One end of the connecting stud is welded on the side wall of the protrusion, the connecting component is fixed on the metal tile through the connecting stud, and the photovoltaic component is detachably connected to the connecting component.

Preferably, the device further comprises a connecting nut matched with the connecting stud;

The connecting component comprises a base, a first mounting hole is formed in the base, the connecting stud penetrates through the first mounting hole, and the connecting nut is connected to the connecting stud in a threaded mode so as to fix the base on the metal tile.

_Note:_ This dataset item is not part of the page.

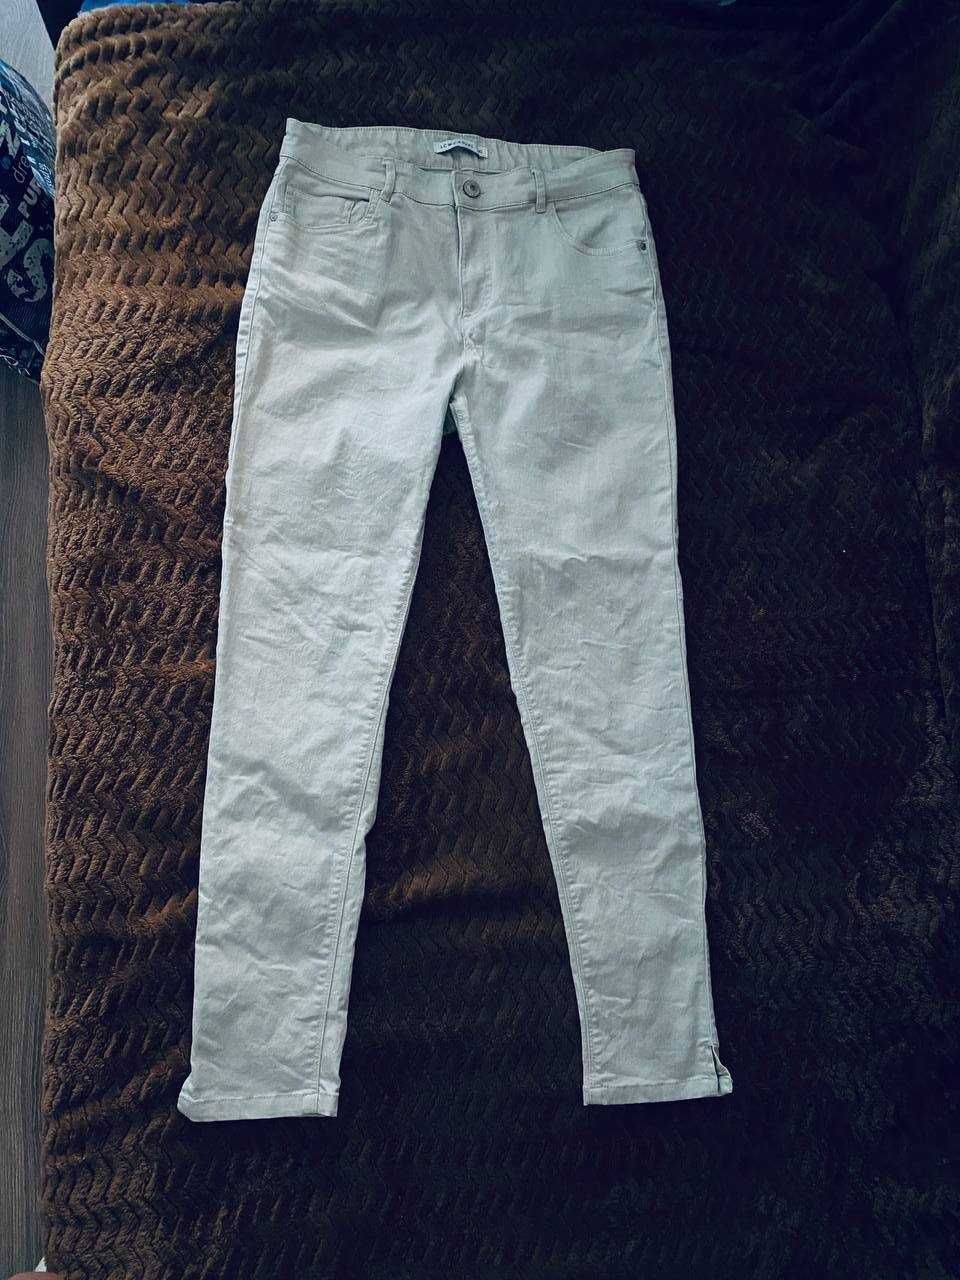 Скинни брюки джинсы облегающи высокая посадка узкие стрейч тянутся беж

Preferably, the cross-sectional shape of the protrusion is a trapezoid tapered toward a direction away from the surface of the metal tile;

The base comprises a transverse plate, a first side plate and a second side plate, wherein the two ends of the transverse plate are respectively a first end and a second end, one end of the first side plate is fixedly connected to the first end, the other end of the first side plate is in a free state, one end of the second side plate is fixedly connected to the second end, the other end of the second side plate is in a free state, the first side plate and the second side plate form an included angle which is far away from the direction of the transverse plate, so that the first side plate, the transverse plate and the second side plate jointly form an accommodating groove with the cross section shape matched with the cross section shape of the protrusion, and the base can be sleeved on the protrusion through the accommodating groove.

Preferably, the side walls of the bulge comprise a first side wall opposite to the first side plate and a second side wall opposite to the second side plate, and the connecting stud comprises a first stud and a second stud;

The first stud is welded on the first side wall, the first mounting hole comprises a first through hole arranged on the first side plate, and the first side wall is sleeved on the first stud through the first through hole;

the second stud is welded on the second side wall, the first mounting hole comprises a second through hole formed in the second side plate, and the second side wall is sleeved on the second stud through the second through hole.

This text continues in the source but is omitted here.